Treating sarcopenia remains a challenge, and nutritional interventions present promising approaches. We summarize the effects of leucine supplementation in treating older individuals with sarcopenia associated with aging or to specific disorders, and we focus on the effect of leucine supplementation on various sarcopenia criteria, e.g., muscular strength, lean mass, and physical performance. 

  • leucine
  • sarcopenia
  • muscular mass
  • muscular strength
  • elderly

1. Introduction

Sarcopenia is defined as a progressive loss of muscle mass, strength, and function [1][2]. From a physiological point view, sarcopenia starts in the fifth decade of life and at a population level, proceeds at a rate of ∼ 0.8% annually. In fact, the decrease in skeletal muscle strength induced by sarcopenia, known as dynapenia, is even more precipitous, occurring at an annual rate of ∼ 2–3% [2][3] and it is estimated that more than 20% of adults aged over 65 years, and over 50% of those aged at least 80 years are sarcopenic [4]. In some pathological conditions such as liver cirrhosis [5], chronic obstructive pulmonary disease [6][7], and diabetes [8], sarcopenia can appear earlier and its progression occurs more quickly. Several studies report that the most sarcopenic individuals are at an increased risk of developing severe sarcopenia-related complications, such as an increased risk of falls [9][10], frailty [11], disability [12], and type-II diabetes [13][14], which all have a negative impact on their quality of life and premature mortality.
Within the framework of the Third National Health and Nutrition Examination Survey, Srikanthan and Karlamangla [12] have demonstrated that muscle mass is a predictor of longevity when taking into account the all-cause mortality in North American adults (aged over 55 or 65 years for men and women, respectively). One of the main ways in which sarcopenia contributes to the disease is that it alters muscular turnover and metabolism [15][16]. Moreover, older adults exhibit a decreased anabolic response to protein feeding [17][18], which is a mechanism underpinning the loss of muscle mass in sarcopenic individuals. Compared to younger adults, those aged over 65 years required ∼ 70% more protein per meal to maximally stimulate muscle protein synthesis [19]. Furthermore, at a global level, only 40% of older adults meet the recommended daily allowance for protein (0.8 g·kg−1·d−1) and 10% of older women do not even meet the estimated average requirement of 0.66 g protein·kg−1·d−1 [20][21].
One strategy to increase the muscle protein synthesis that has been investigated is the supplementation of diets with leucine, an essential branched-chain amino acid with important regulatory actions in muscles, which are at least partially mediated by the mammalian target of the rapamycin pathway [22]. Leucine modifies protein turnover in skeletal muscles, by decreasing proteolysis and by increasing protein synthesis. Physiological research reports have shown that leucine can enhance muscle protein-synthesis [23][24][25][26]. Furthermore, leucine can stimulate insulin release by pancreatic cells [27], showing that besides its beneficial effect in enhancing skeletal muscle glucose uptake, it is also an important anabolic signal in skeletal muscle.
Based on the above, administration of leucine-containing supplements is therefore a promising approach for treating sarcopenia. We took a systematic approach to analysing the current scientific evidence in this area, and to ascertaining whether the administration of leucine-containing supplements is effective in the treatment of sarcopenia. We also included interventions that used whey protein as a supplement, because these contain large amounts of leucine (approximately 13 g leucine/100 g protein [28]) and the consumption of whey protein appears to be the most effective at increasing muscle protein synthesis [29].
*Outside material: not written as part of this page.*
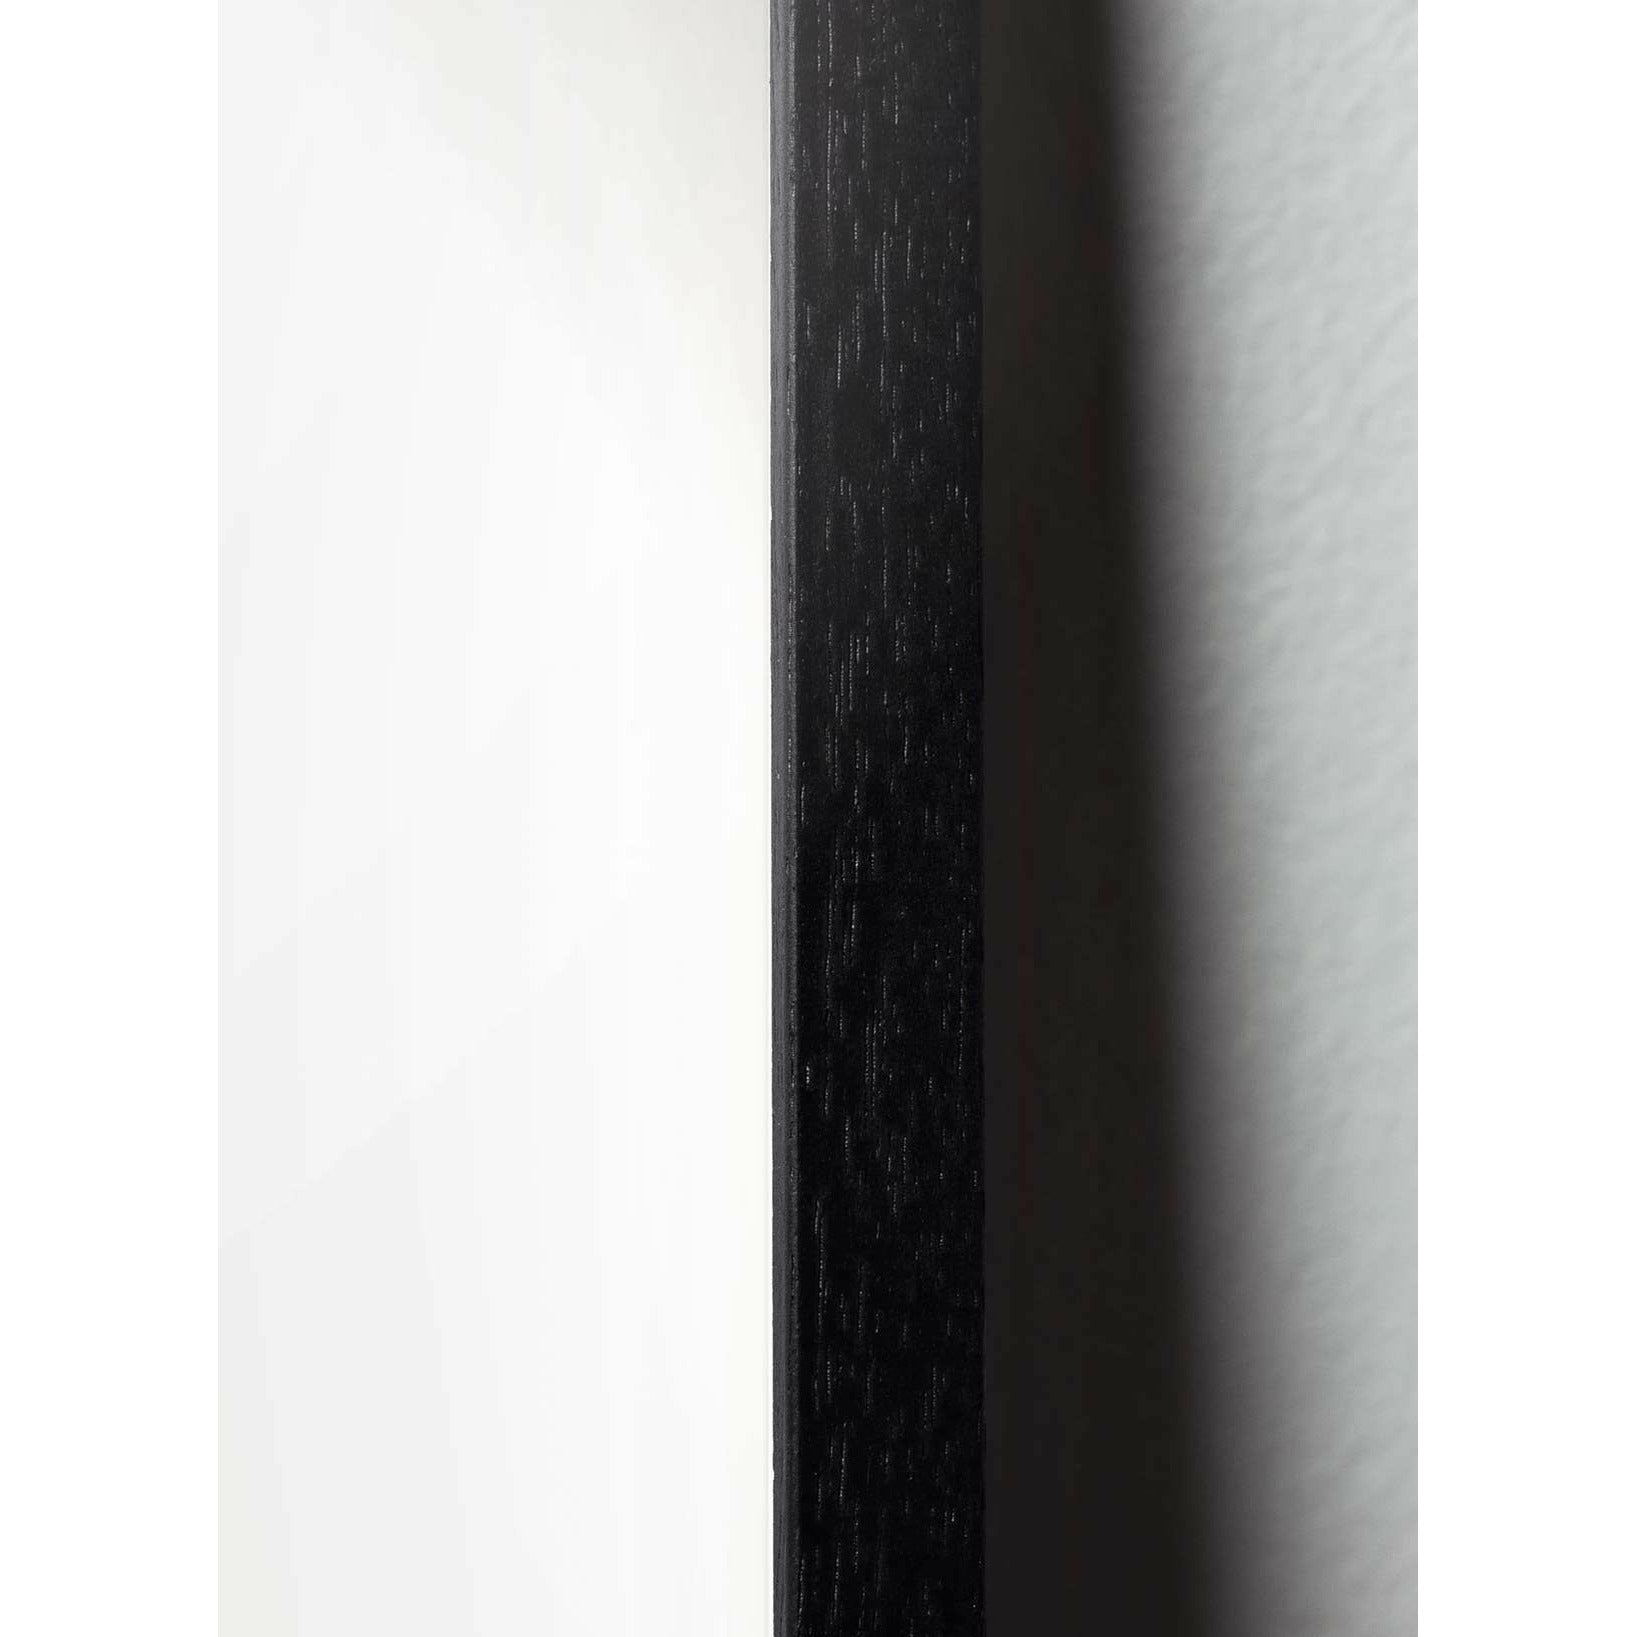 Brainchild Snowdrop Classic -affisch, ram i svart lackerat trä 30x40 cm, mörkblå bakgrund

2. Current Insights on Leucine Supplementation and Sarcopenia

The loss of muscle mass and strength (sarcopenia) and its functional consequences such as reduced walking speed can occur to a varying degree both as a part of physiological changes during aging [30] or in some pathological conditions increasing the amount of time in bed which in itself can result in catabolism and a decrease in muscle mass [31][32] or patients with chronic diseases such as liver cirrhosis [5][33], COPD [6][7], diabetes [34] and post-stroke patients [35]. Severe sarcopenia is associated with an extremely high rate of disability but not necessarily with body-weight loss, and obese sarcopenic patients appear to have even worse outcomes [36][37][38].
The best approaches to treat sarcopenia or delay its progression over time are currently based on physical exercise and nutritional supplementation, with resistance training being the most useful tool for effectively preventing [39][40] and treating sarcopenia [41][42][43]. However, many older people are sedentary and either cannot (social barriers and family support) or do not want to exercise. In these cases, nutritional interventions remain the most promising intervention to delay the appearance of the adverse consequences of sarcopenia such as falls, mobility loss, and a bed-to-sofa lifestyle. Supplementation of the branched-chain amino acid, leucine, or leucine-enriched protein (whey/casein protein) [28][29][44] is one of the most common interventions for treating sarcopenia in older individuals, and several RCTs have been published in the last five years.
Analysis of the trials included in this systematic review showed that these nutritional interventions can improve several aspects of sarcopenia, including muscle strength, lean mass content, and walking speed (although the latter has seldom been investigated) although these effects depend on sarcopenia criteria (ranging from improvement to no effect) and the patients’ characteristics. Only one study [45] found a reduction in muscle strength after supplementation with whey protein and casein, although they did not make the reasons for this reduction clear. As possible causes, they cited an insufficient difference in protein intake between groups, a lack of a need for protein-supplementation because of already sufficient dietary protein intake, or the specific characteristics of the patients included in the sample who all had polymyalgia rheumatica. In overall terms, the results of the review suggest that the beneficial effects of leucine-supplementation are more consistent for the improvement in lean mass reported in 63% of the analysed studies, which is consistent with the physiological action of leucine in muscle metabolism.
Interestingly, the majority of interventions that found an improvement in lean mass after leucine supplementation also co-administered vitamin D as a part of the nutritional intervention. Vitamin D is increasingly recognised as playing an important role in normal muscle function, and low vitamin D status is associated with an increased risk of falls and proximal weakness [46] and these effects are more prominent in male individuals [47]. In view of these sex-dependent effects, the differential effects of leucine supplementation with or without vitamin D and the measurement of vitamin D as a biological marker of sarcopenia need further research.
In contrast, the sarcopenia criteria related to muscle strength and physical performance are not only mediated by an efficient and proper lean mass, but also by a central nervous system component which forms a neuro-muscular (motor) unit [3][48]. Improvements in neuromuscular activation precede increases in muscle mass in response to resistance training; neuromuscular activation has therefore been proposed as another measure of muscle quality [48]. The fact that in most studies there were no clear parallelism between a positive effect in lean mass improvement accompanied by a positive effect on muscle strength or physical performance confirms that the central nervous system component is necessary for restoring muscular strength in age- and diseases-related sarcopenia is less sensitive to leucine supplementation than lean mass improvement.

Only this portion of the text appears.